# Fruit Flan Or Moon Cake ?



## Geezer (Aug 22, 2021)

For a *cheap*, relatively low spec machine to be used headless, what is better, Raspberry Pi or fanless industrial PC?

Better meaning, ease of installing Freebsd as well as reliability and longevity. And of course, price.

There seem to be a few flavours of Raspberry Pi, and various extra bits that you can get, like a case! And there is a plethora of Chinese fanless industrial boxes that seem to be used in ATMs and other kiosk stuff.

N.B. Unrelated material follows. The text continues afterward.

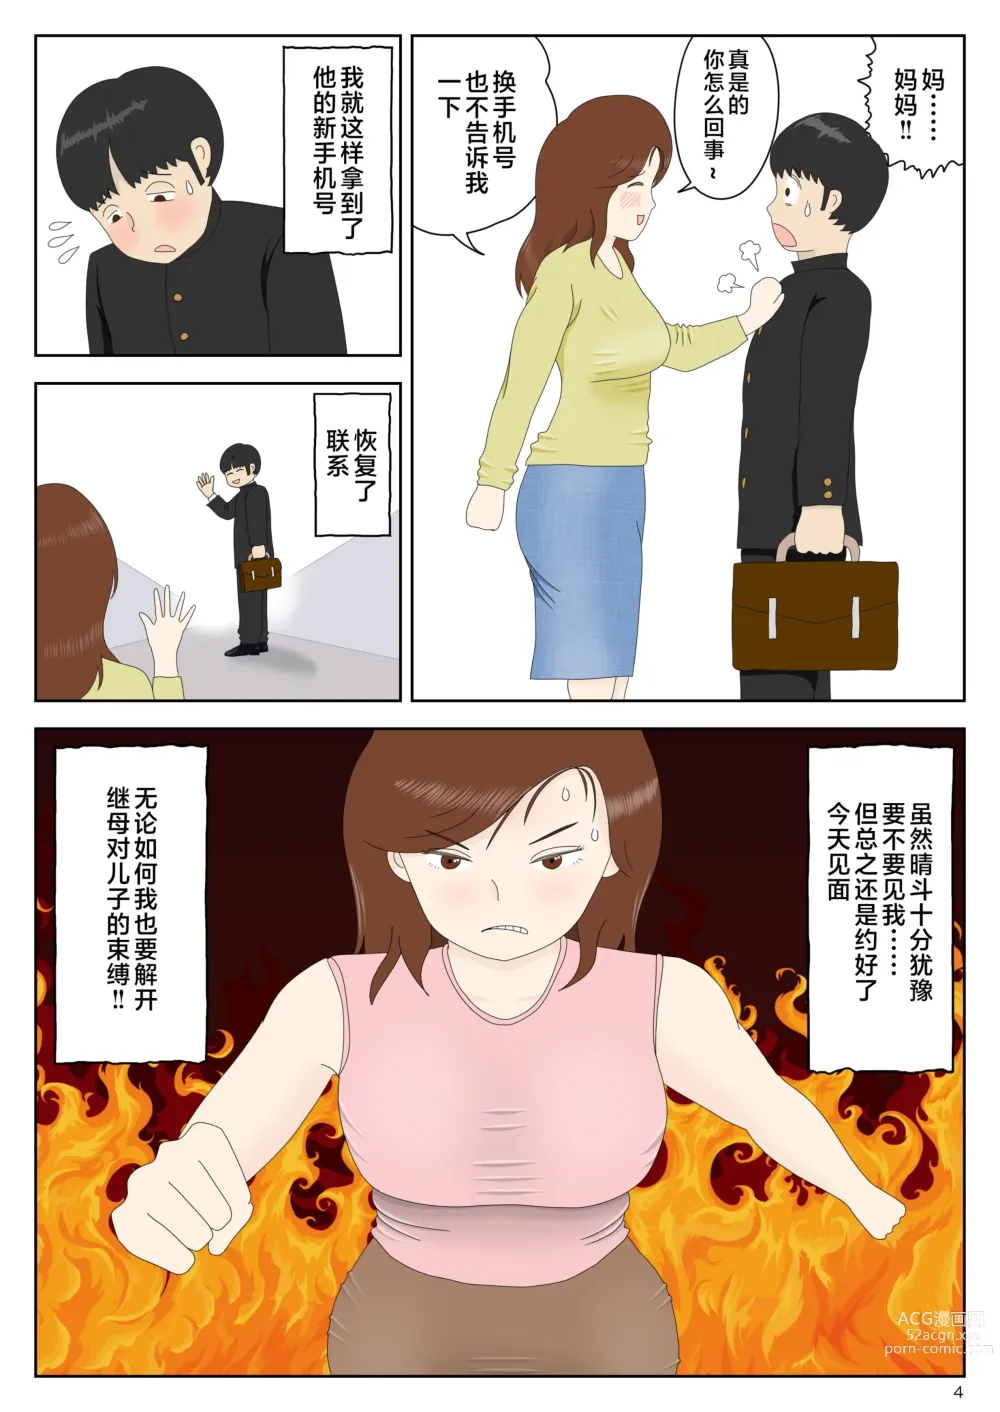 Page 4 of doujinshi Sasou Onna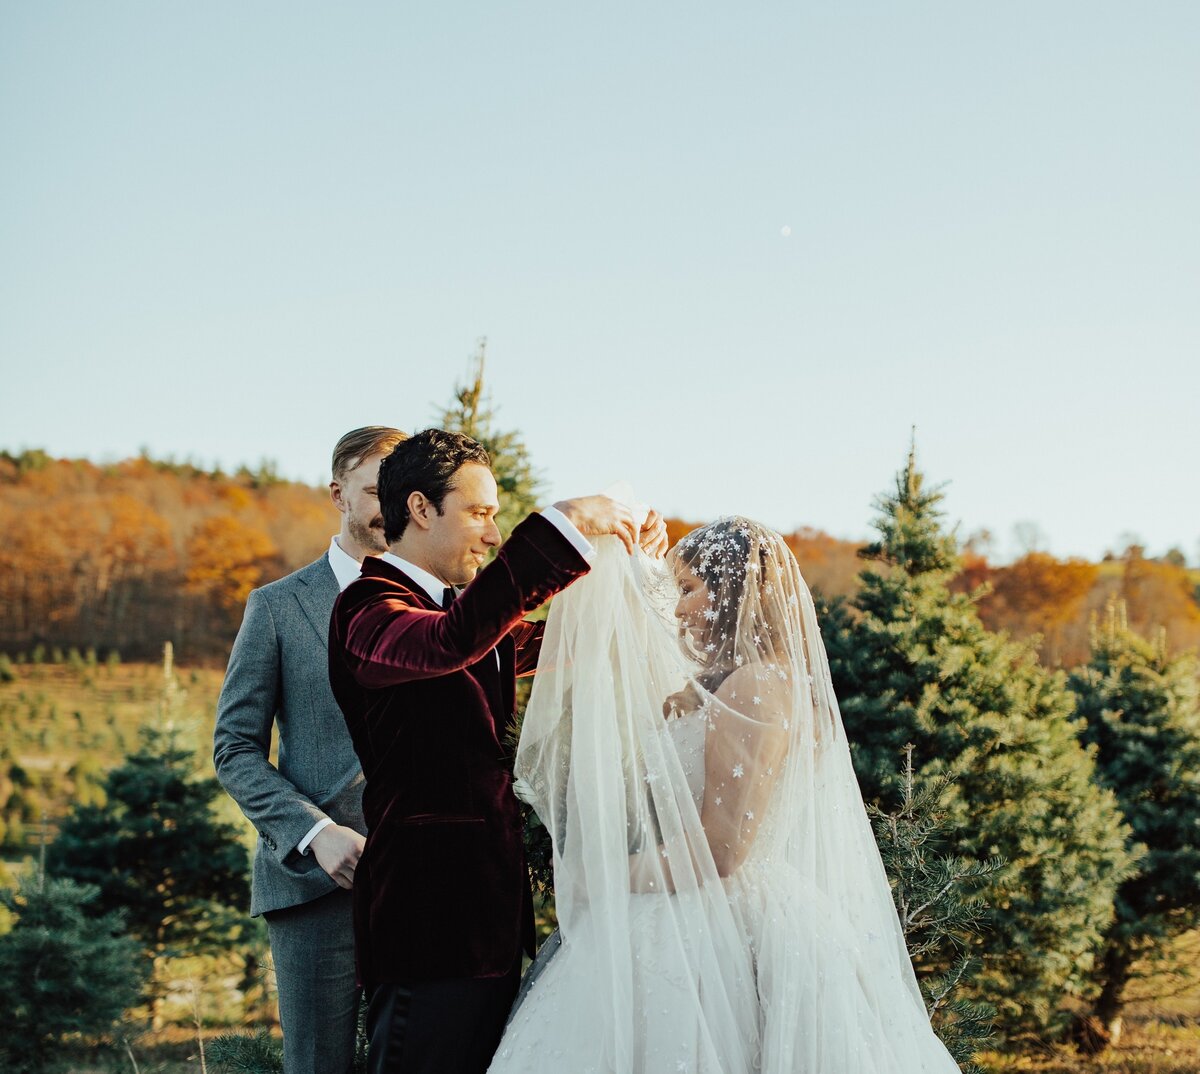 Christy-l-Johnston-Photography-Monica-Relyea-Events-Noelle-Downing-Instagram-Noelle_s-Favorite-Day-Wedding-Battenfelds-Christmas-tree-farm-Red-Hook-New-York-Hudson-Valley-upstate-november-2019-IMG_6616

[ There is good fanless industrial stuff from Supermicro, which might sound great but costs many times as much. So I don't want that. ]


----------



## gpw928 (Aug 23, 2021)

I keep on looking at fanless industrial PCs, but have yet to take the plunge.  I want an amd64 one to run pfSense, but don't need to hurry.

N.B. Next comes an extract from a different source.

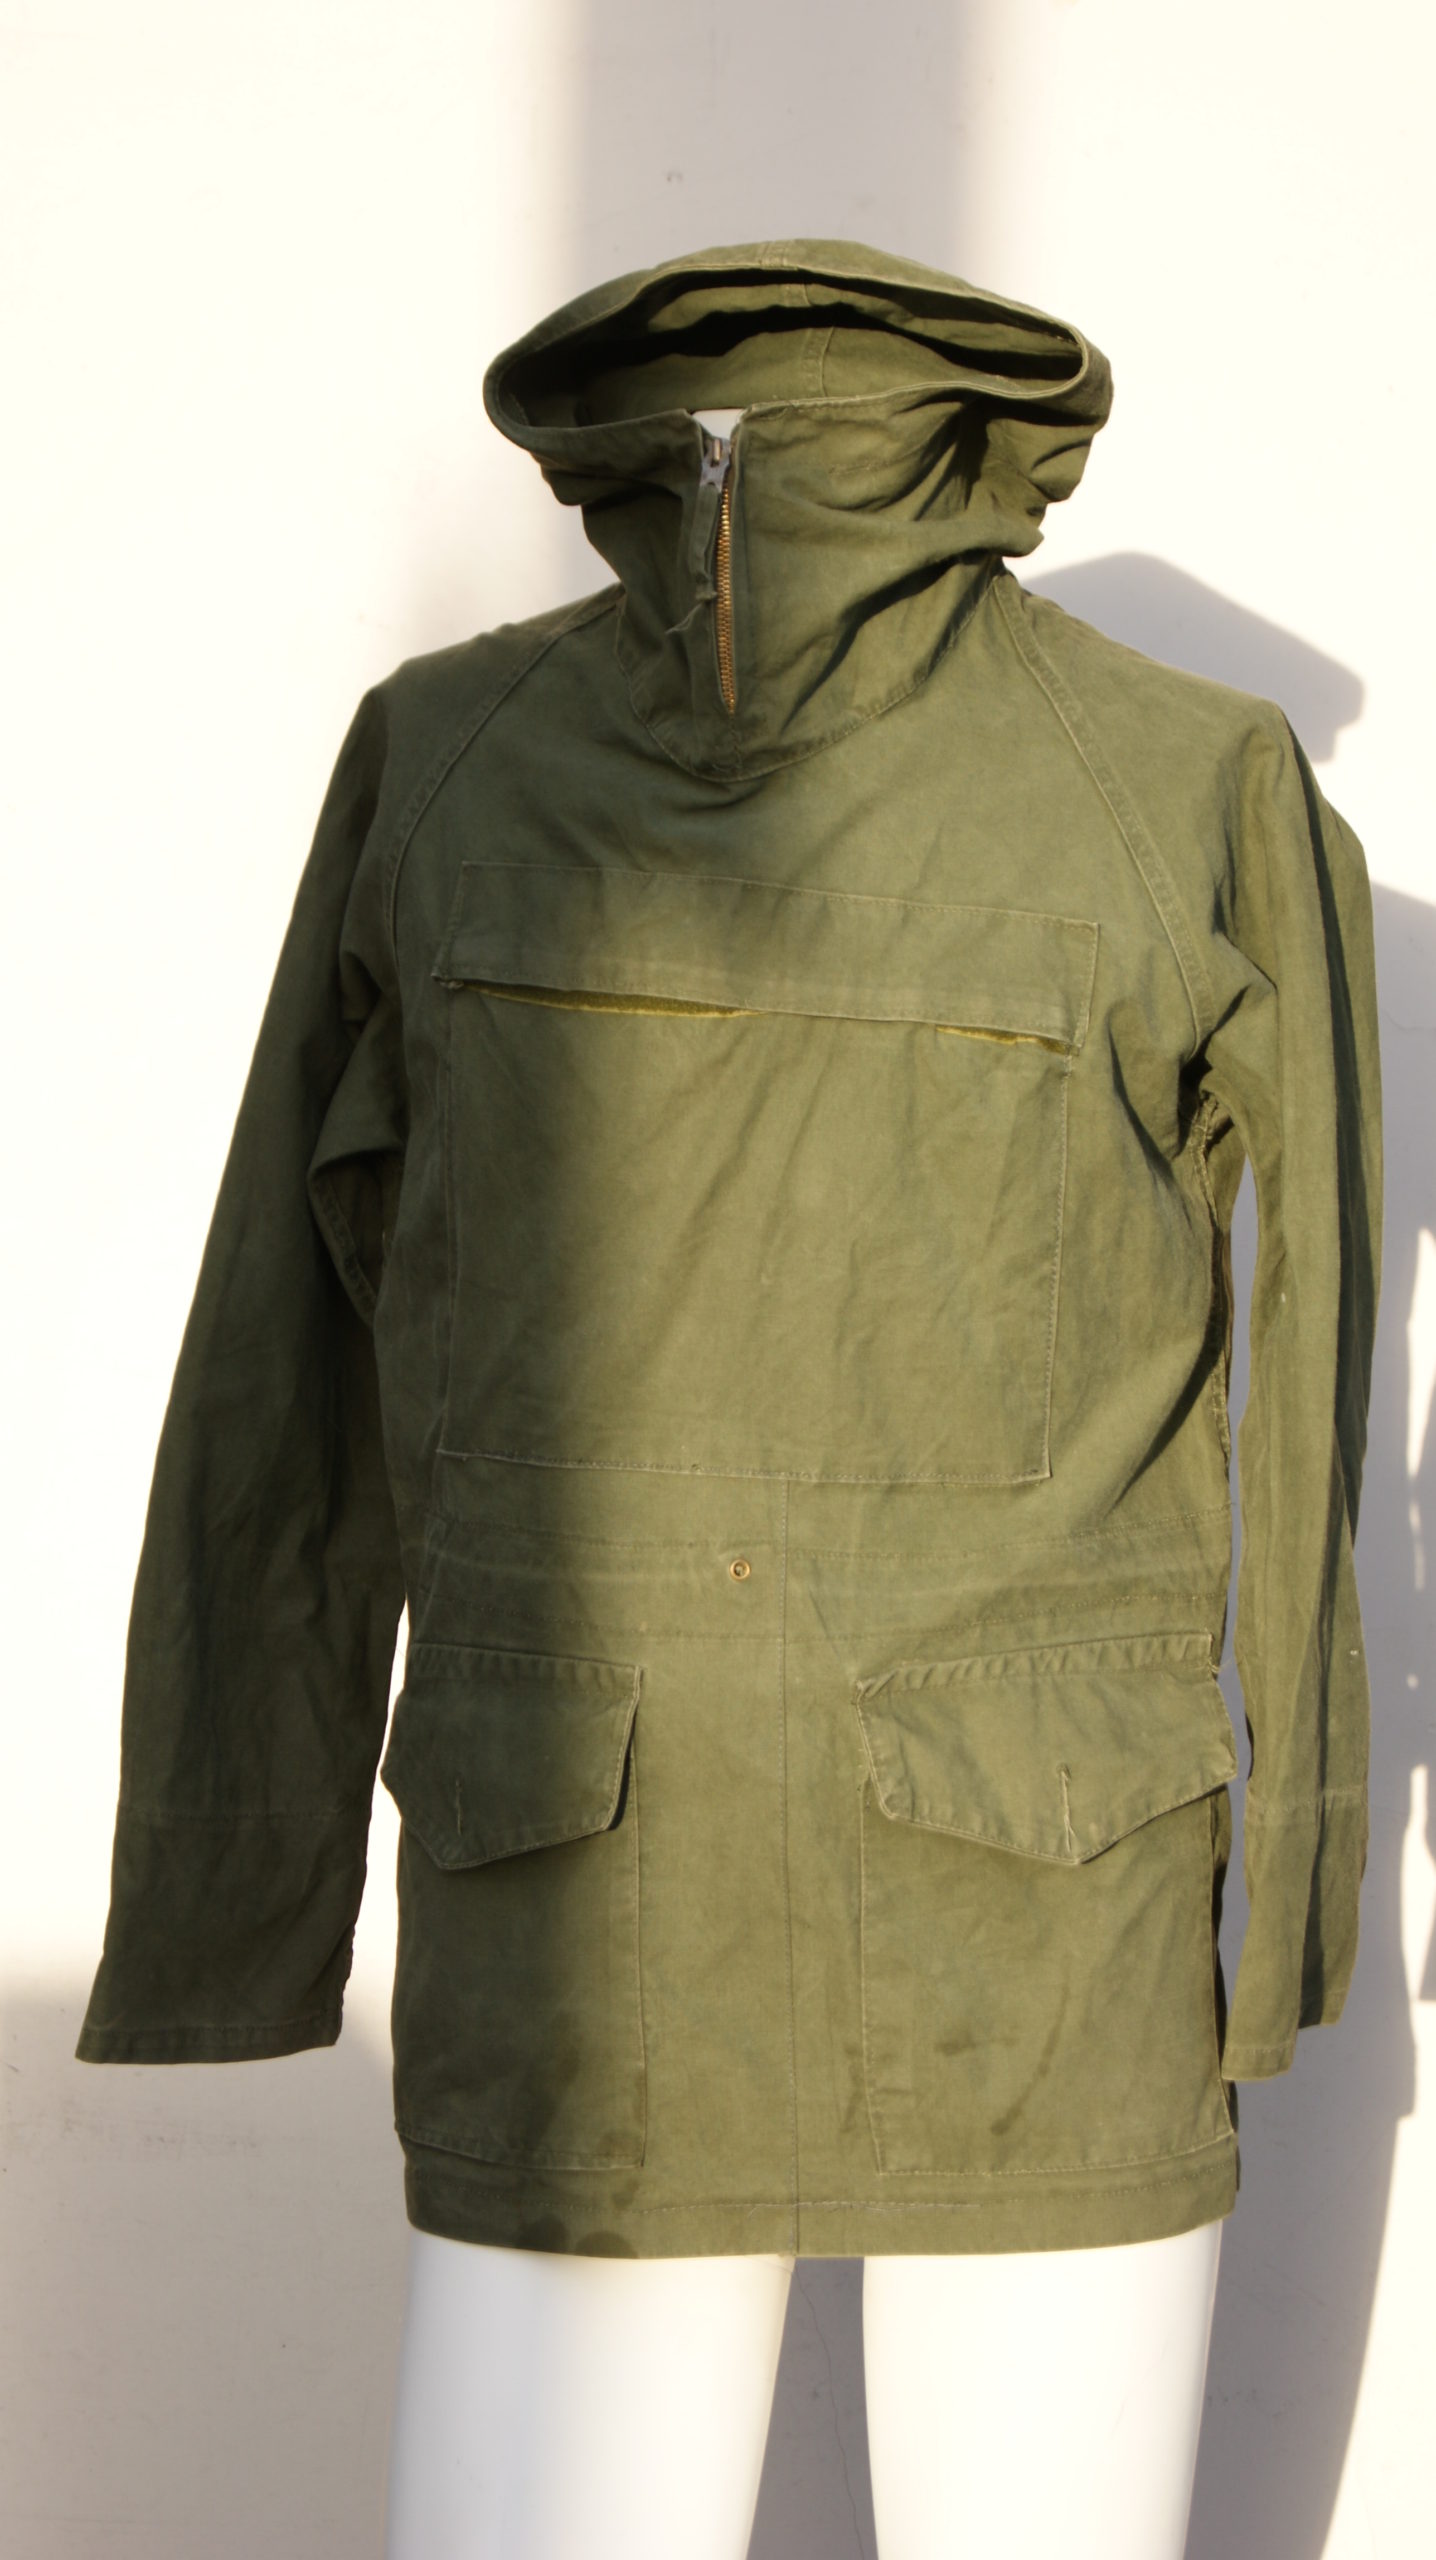 British Army Cadet/mountian Smock size 4 Clothing Gender-Neutral Adult Clothing Hoodies & Sweatshirts

I have a pi3b and a pi4, and use them both continuously as firewalls (same code, different locations).

The pi4 runs alarmingly _*hot*_.  It needs help with cooling.  I got a Chinese-sourced aluminium CNC milled exoskeleton case with two small fans, which went noisy within a week or two.

I thought about buying quality fans, but just switched them off as the milled case keeps it cool enough without fans --  it generally stays within 20C above ambient.

The pi3b is five years old.  The pi4 (never run without its heatsink case) is two years old.  Both have performed flawlessly.  So my experience of reliability is good.

Sorry, I can't comment on installing or using FreeBSD.  I run them with Raspbian (Debian) with /boot on the SD card, and everything else on a thumb drive.


----------



## Phishfry (Aug 23, 2021)

Geezer said:


> what is better, Raspberry Pi or fanless industrial PC?


To me the Arm stuff is niche. Ports Software is often broke and it is a messy situation.
I vote for Fanless Industrial PC.
Which to me means NUC or Brix or APU (APU is sold out now until 2022 so nix them).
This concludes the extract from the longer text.